Data structures for indexing and searching of databases have always been a core contribution of algorithmic bioinformatics to the analysis of biological data and are the building blocks of many popular tools [21]. Traditional databases may include reference genome assemblies, collections of known gene sequences, or reads from a single sequencing experiment. However, the ubiquity of next generation sequencing has transformed the size and nature of many databases. Each sequencing experiment results in a collection of reads (gigabytes in size), typically deposited into a database such as the Sequence Read Archive (SRA) [17]. There are thousands of experiments deposited into the SRA, creating a database of unprecedented size in genomics (4 petabases, as of 2016).The SRA enables public access of the database via meta-data queries on the experiments’ name, type, organism, etc. However, efficiently querying the raw read sequences of the database has remained out of reach for today’s indexing and searching methods, until earlier this year [34].

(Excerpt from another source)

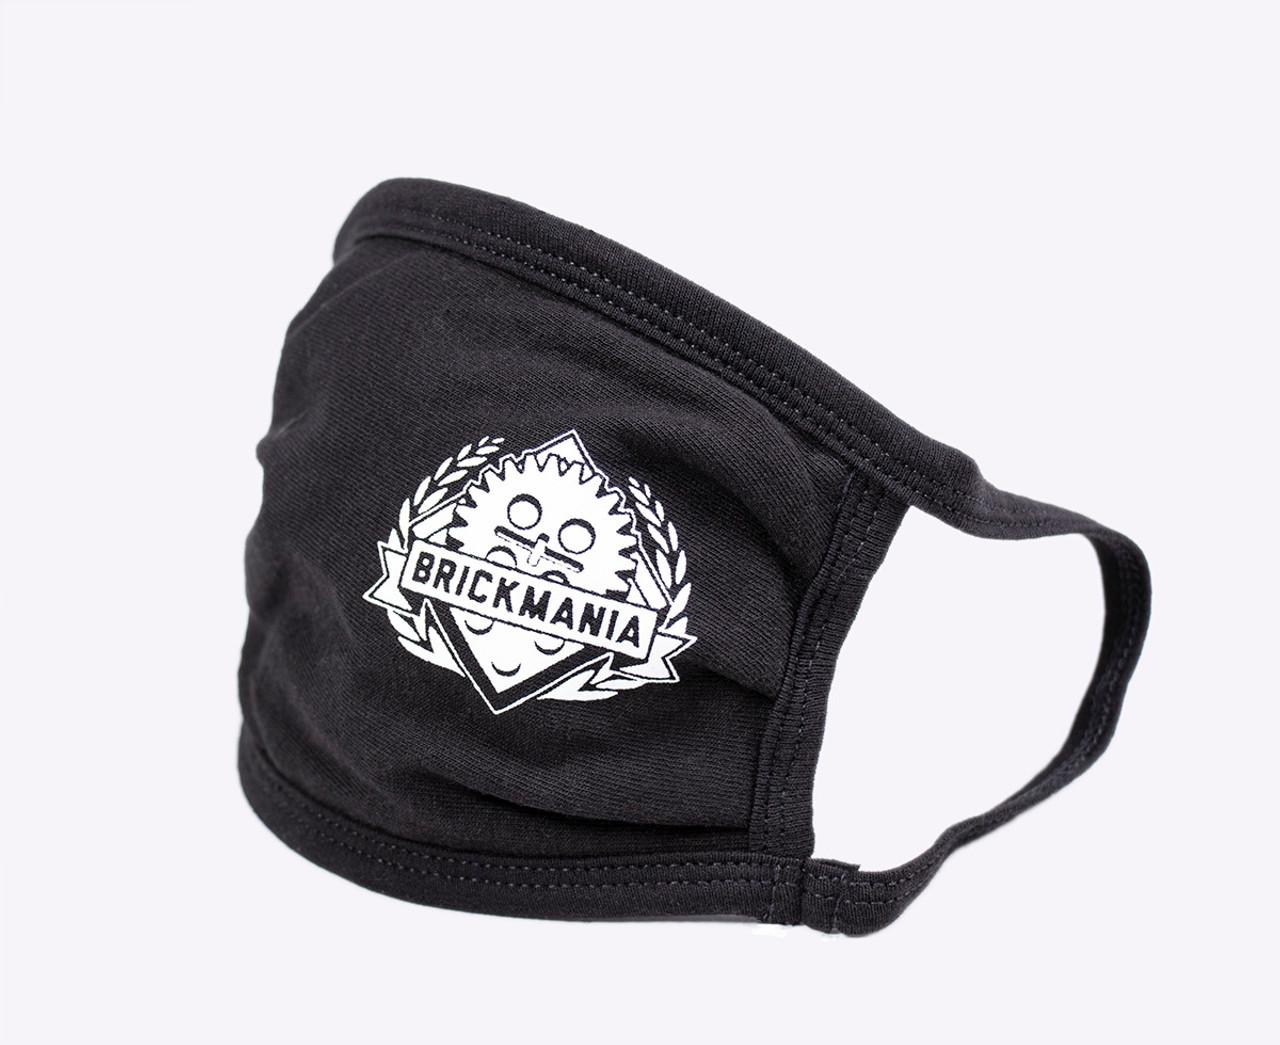 Brickmania Face Mask - White Logo

Given a transcript of interest, an important problem is to identify all publicly available sequenced samples which express it. The SRA contains thousands of human RNA-seq experiments, providing a powerful database to answer this question. One approach is to use tools such as [37, 30, 4] to first identify transcripts present in each of the experiments; however, running these tools on a massive scale is time prohibitive (though cloud-enabled tools like Rail-RNA [29] are making inroads). Moreover, they introduce biases and can easily miss a transcript that is supported by the reads. Another approach is to align the SRA reads to the transcript of interest; however, this approach is infeasible for such large datasets [34].

Recently, Solomon and Kingsford proposed the Sequence Bloom Tree (SBT) data structure and demonstrated how it can accurately identify samples that may have the transcript of interest expressed in the read data [34]. SBT was a breakthrough, allowing to query a set of 214,293 transcripts against a database of 2,652 human RNA-seq experiments in just under 4 days. The SBT is not intended to replace more thorough methods, like alignment, but is intended to be complementary, narrowing down the set of experiments for which a more rigorous investigation is needed.

In this paper, we present the AllSome Sequence Bloom Tree (SBT-ALSO), a time and space improvement on the original SBT (denoted by SBT-SK). It combines three new ideas. The first one is a better construction algorithm based on clustering. The second one is a different representation of the internal nodes of the tree so as to allow earlier pruning and faster exploration of the search space. The final one is building a Bloom filter on the query itself. This allows quick execution of queries that are not just transcripts but are themselves large sequencing experiments.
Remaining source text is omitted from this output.